Dr Sarah Lane Ritchie

PhD in Science and Religion and Lecturer at St Andrew's University

How did you get your current job?

I was fortunate enough to secure a postdoctoral position while still finishing my PhD. In the third year of my PhD studies at New College, a really exciting new Science & Religion project started at the University of St Andrews. When the postdoc job associated with the project was advertised, I was encouraged to apply, even though it was a long shot – and I’m glad I did! The next several months were fairly intense, as I had to finish my doctoral thesis ahead of schedule, but it was definitely worth the late nights.


What do you enjoy most about your current role?

I feel so lucky to work in a role that enables me to do interdisciplinary work – in any given week, I might do research on neurobiological approaches to consciousness, read Barthian theology, give a lecture on cosmology and the origins of the universe and help plan an international conference. I work with the most fascinating people, and I’m never bored!

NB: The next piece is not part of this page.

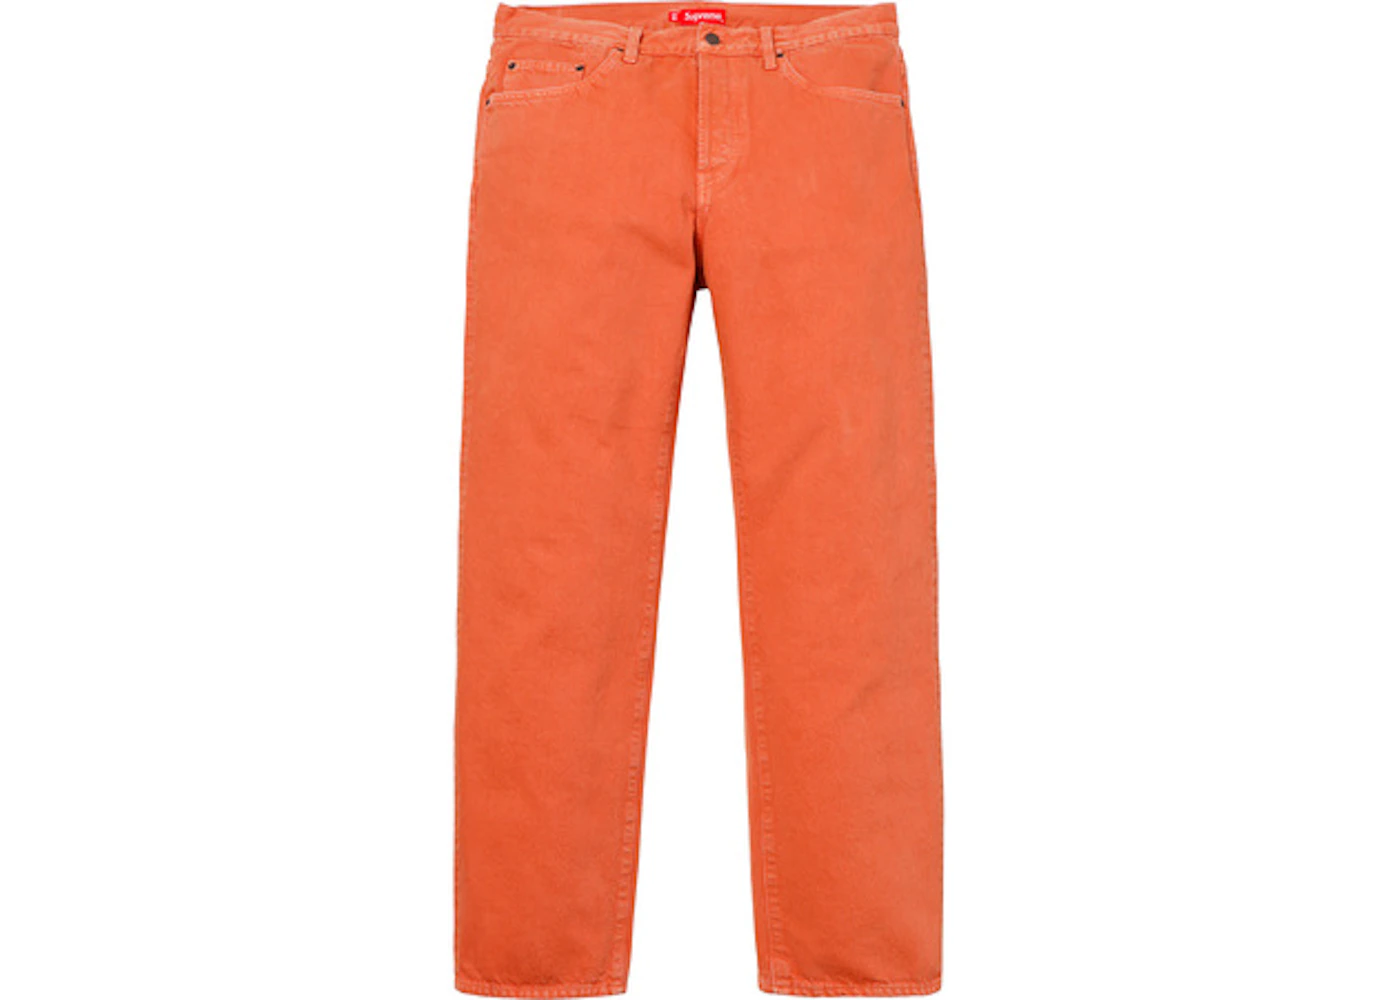 Supreme Washed Regular Jeans Orange Men's - SS18 - US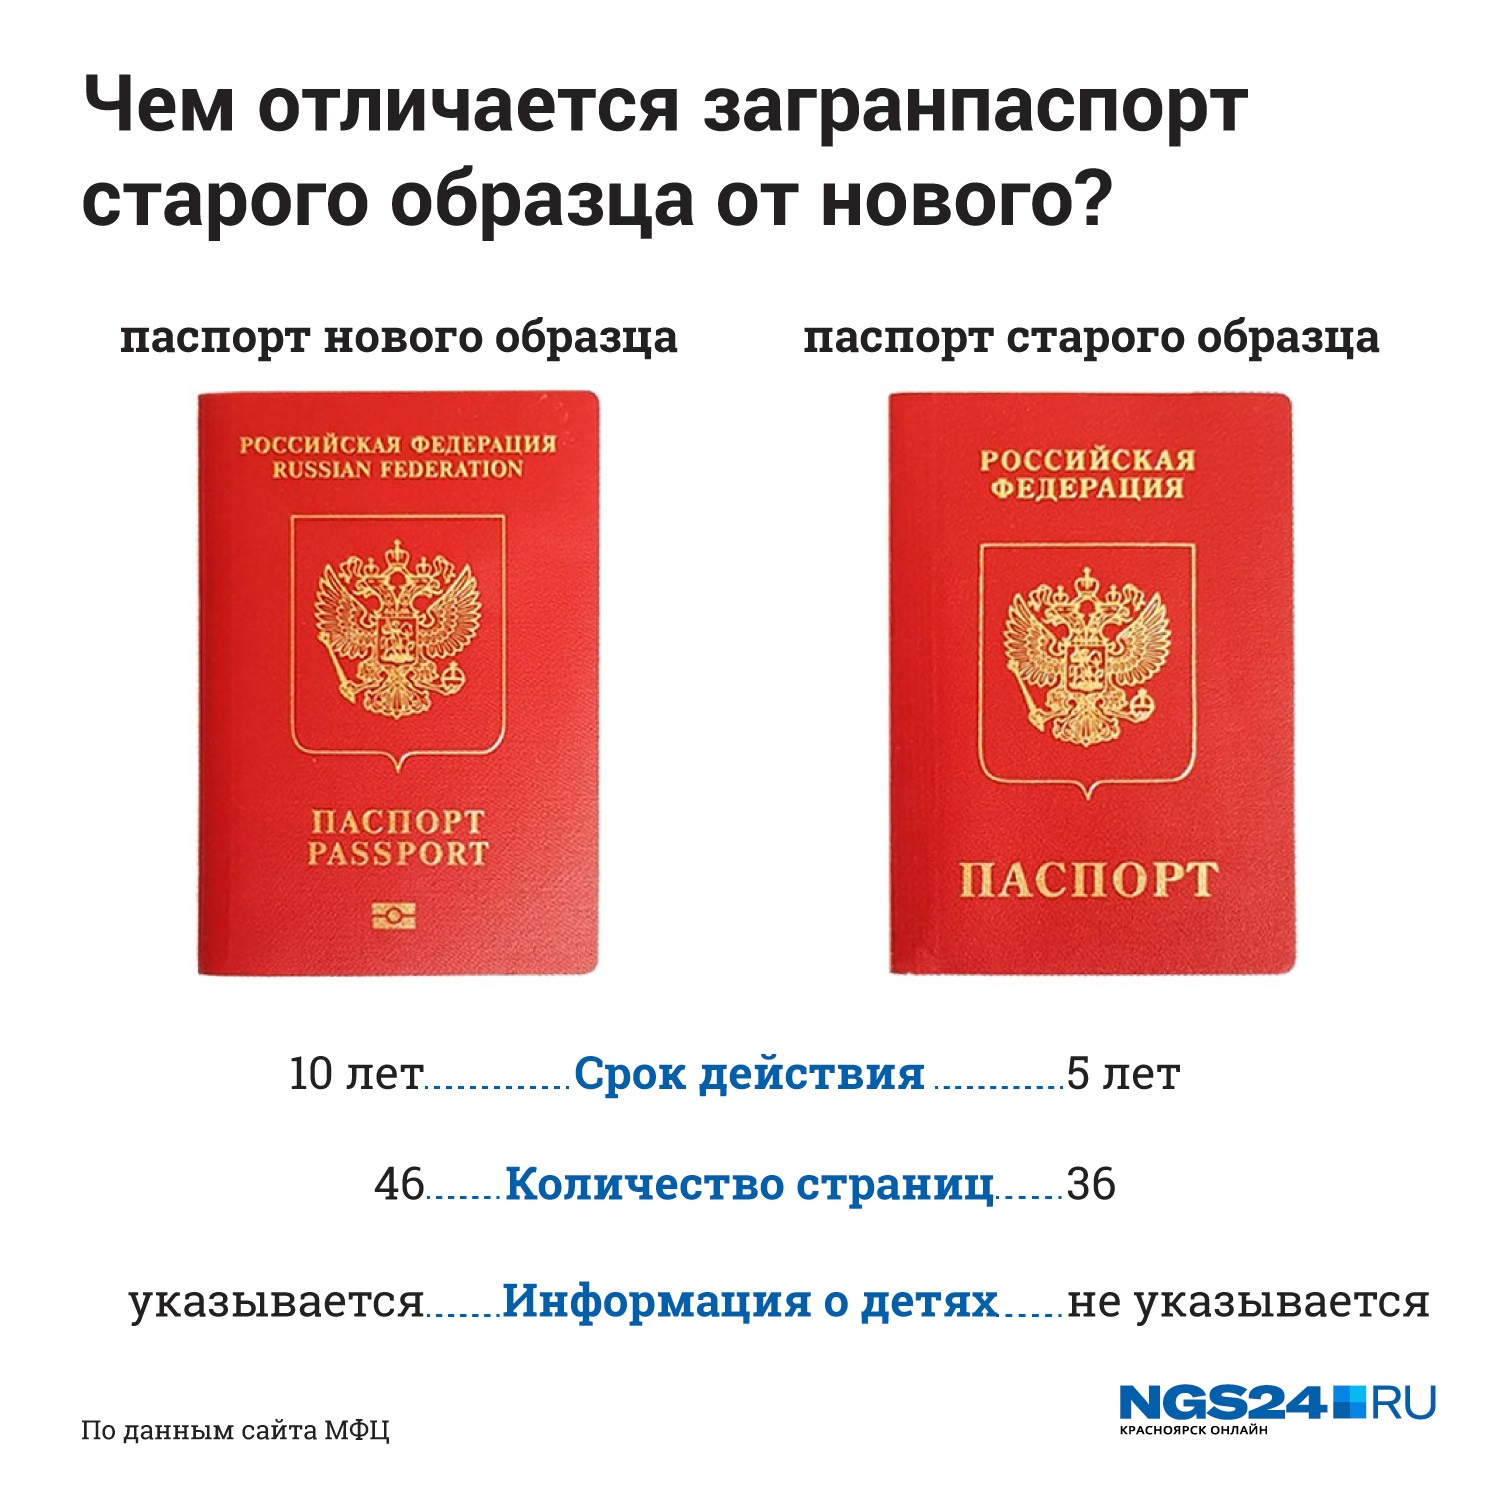 Как оформить и получить загранпаспорт через госуслуги (gosuslugi.ru — портал в интернете) — инструкция

How are you using the skills and/or knowledge developed during your PhD in your career?

More than the specific content learned during my PhD, I find myself using the skills acquired during those three years. For example, one of the most important – and most difficult – aspects of an academic career is the ability to question and critique one’s own thought and work. I’m a better scholar when I self-critique; refusing a defensive posture and embracing a bit of humility results in more thoughtful, creative outputs. On a different note, I also find myself using skills related to communicating ideas – I actually enjoy finding ways to relate my subject matter to the lives of people I’m speaking with, be they cab drivers or professors. I don’t expect people to find my work interesting; rather, I try to engage my work with the specific interests of those around me.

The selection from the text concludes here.